Analysis of dataset for the convergence of the GS of the CO molecule¶
We instantiate an object of the system calculator class which specifies the number of threads and mpi processor used for the computation, we also instantiate the Dataset object that manages the ensemble of calculation needed for the convergence analysis.
[2]:
code=C.SystemCalculator(omp=2,mpi_run='mpirun -np 4',skip=True)
study = D.Dataset(label='CO_GS',run_dir='CO_GS',posinp='CO_posinp.xyz',molecule_shape = 'linear')
Initialize a Calculator with OMP_NUM_THREADS=2 and command mpirun -np 4 /local/deutsch/Forge/BigDFT/build-mpif90/install/bin/bigdft
study
is characterized by its label ‘CO_GS’ and contains the path run_dir
in which all the calculations of the dataset will be performed and the name of the posinp of the molecule. The variable molecule_shape
has been introduced to show how further information can be passed to the dataset instances. This information can be extracted as follows
[3]:
print study.global_options()
print study.get_global_option('molecule_shape')
{'molecule_shape': 'linear', 'run_dir': 'CO_GS', 'posinp': 'CO_posinp.xyz', 'label': 'CO_GS'}
linear
Global options can be also added and removed as follows
[4]:
study.update_global_options(new_option = 'value')
print study.global_options()
{'molecule_shape': 'linear', 'run_dir': 'CO_GS', 'posinp': 'CO_posinp.xyz', 'new_option': 'value', 'label': 'CO_GS'}
[5]:
# remove the new_option key
study.pop_global_option('new_option')
study.global_options()
[5]:
{'label': 'CO_GS',
'molecule_shape': 'linear',
'posinp': 'CO_posinp.xyz',
'run_dir': 'CO_GS'}
[6]:
# Define the default parameters of the input file
inp = I.Inputfile()
inp.set_hgrid(0.37)
inp.set_wavefunction_convergence(gnrm=1.0e-5)
inp
[6]:
{'dft': {'gnrm_cv': 1e-05, 'hgrids': 0.37}}
We introduce a list of values of rmult. The convergence analysis will be performed on this parameter.
[7]:
rmult = [5.0,6.0,7.0,8.0]
We prepare the study for the convergence analysis by appending the run associated to the values of rmult. Each run is characterized by an id
and contains the InputFile
object as input as well as the code used to perform the calculation. If the same id
is provided more than once, the function gives a Value Error
.
[8]:
for r in rmult:
inp.set_rmult(coarse=r,fine=9.0)
study.append_run(id={'rmult':r},runner=code,input=inp)
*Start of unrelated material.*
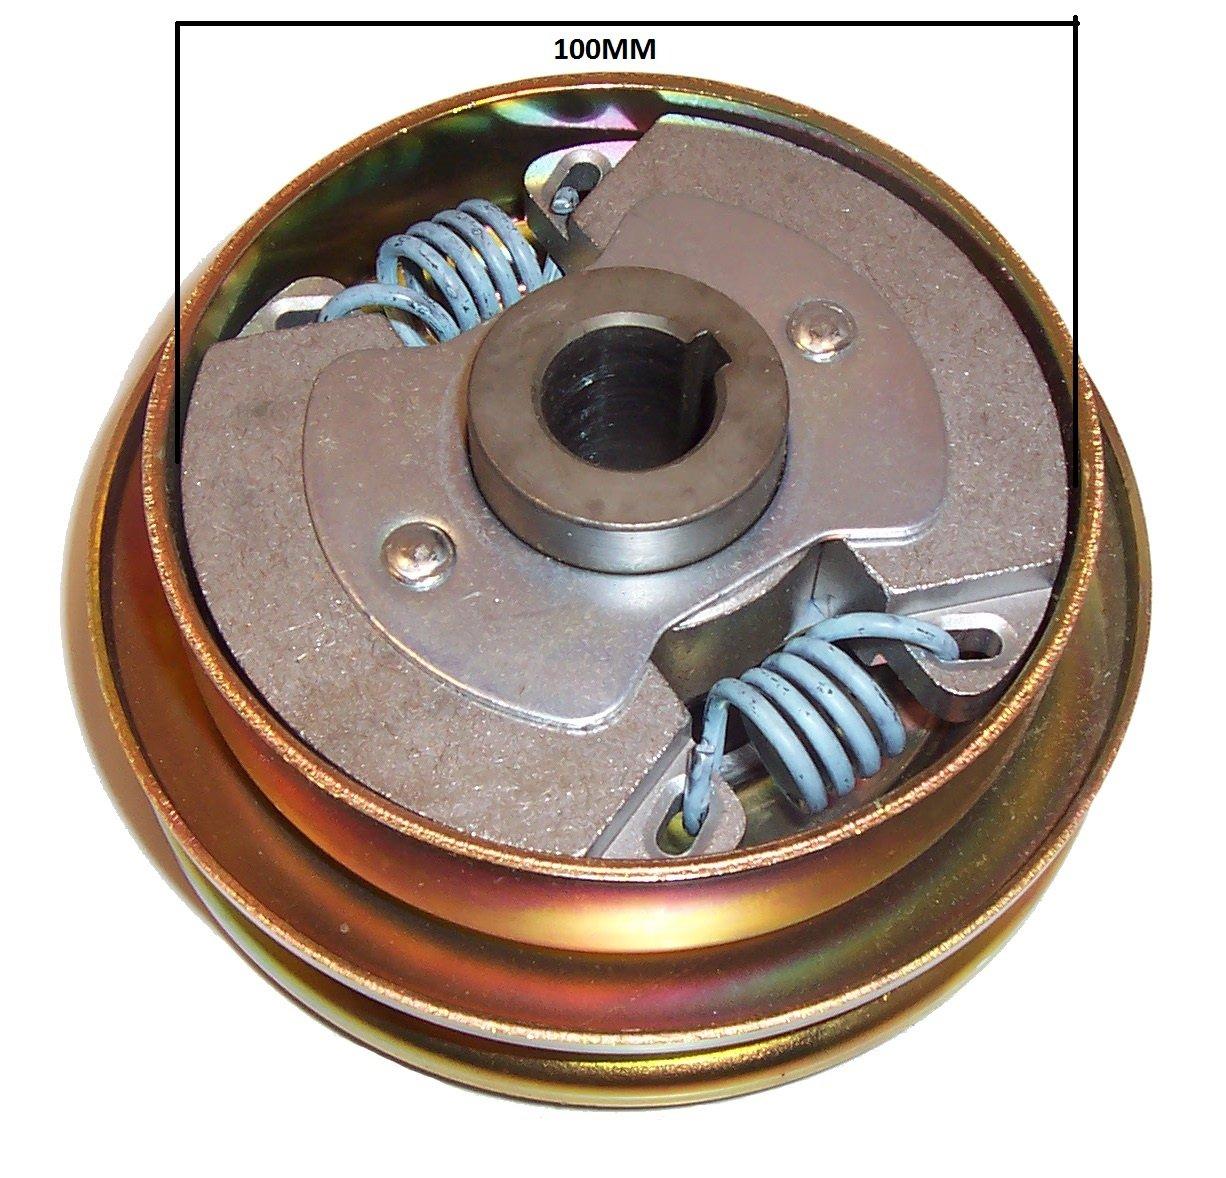 Embrague centrífugo para adaptarse a una 19 mm (3/4

The following member of the Dataset
class shows how to refer to the various calculation of study
.
[9]:
print study.calculators
print study.ids
[{'runs': [0, 1, 2, 3], 'calc': <BigDFT.Calculators.SystemCalculator instance at 0x7fa258b38518>}]
[{'rmult': 5.0}, {'rmult': 6.0}, {'rmult': 7.0}, {'rmult': 8.0}]
[10]:
# Extract the study id and runs parameters for each value of the runs key in the study.calculator.
# Shows just one for shortness
i = 2
print study.ids[i]
print study.runs[i]
{'rmult': 7.0}
{'molecule_shape': 'linear', 'run_dir': 'CO_GS', 'posinp': 'CO_posinp.xyz', 'input': {'dft': {'rmult': [7.0, 9.0], 'hgrids': 0.37, 'gnrm_cv': 1e-05}}, 'label': 'CO_GS'}
study.names
contains a list of strings with the ids of the run. May be useful for labelling.
[11]:
study.names
[11]:
['rmult:5.0', 'rmult:6.0', 'rmult:7.0', 'rmult:8.0']
The appended simulation can be executed with the run method. The skip=True
in the code instance guarantees that computation already performed are not executed again.
[12]:
study.run()
Copy the posinp file 'CO_posinp.xyz' into 'CO_GS'
Creating the yaml input file "CO_GS/rmult:5.0.yaml"
Run directory CO_GS
Executing command: mpirun -np 4 /local/deutsch/Forge/BigDFT/build-mpif90/install/bin/bigdft -n rmult:5.0 -s Yes
Copy the posinp file 'CO_posinp.xyz' into 'CO_GS'
Creating the yaml input file "CO_GS/rmult:6.0.yaml"
Run directory CO_GS
Executing command: mpirun -np 4 /local/deutsch/Forge/BigDFT/build-mpif90/install/bin/bigdft -n rmult:6.0 -s Yes
Copy the posinp file 'CO_posinp.xyz' into 'CO_GS'
Creating the yaml input file "CO_GS/rmult:7.0.yaml"
Run directory CO_GS
Executing command: mpirun -np 4 /local/deutsch/Forge/BigDFT/build-mpif90/install/bin/bigdft -n rmult:7.0 -s Yes
Copy the posinp file 'CO_posinp.xyz' into 'CO_GS'
Creating the yaml input file "CO_GS/rmult:8.0.yaml"
Run directory CO_GS
Executing command: mpirun -np 4 /local/deutsch/Forge/BigDFT/build-mpif90/install/bin/bigdft -n rmult:8.0 -s Yes
[12]:
{0: <BigDFT.Logfiles.Logfile instance at 0x7fa28fb9c680>,
1: <BigDFT.Logfiles.Logfile instance at 0x7fa2587f87a0>,
2: <BigDFT.Logfiles.Logfile instance at 0x7fa25875e4d0>,
3: <BigDFT.Logfiles.Logfile instance at 0x7fa2586885f0>}
The class member study.results
contains a dictionary with the logfiles of the computations performed by the run method. The cardinal key respects the order of the append_run
.
[13]:
results = study.results
results
[13]:
{0: <BigDFT.Logfiles.Logfile instance at 0x7fa28fb9c680>,
1: <BigDFT.Logfiles.Logfile instance at 0x7fa2587f87a0>,
2: <BigDFT.Logfiles.Logfile instance at 0x7fa25875e4d0>,
3: <BigDFT.Logfiles.Logfile instance at 0x7fa2586885f0>}
Several operation can be performed on the results by using the methods of the logfile class. Here we provide some examples.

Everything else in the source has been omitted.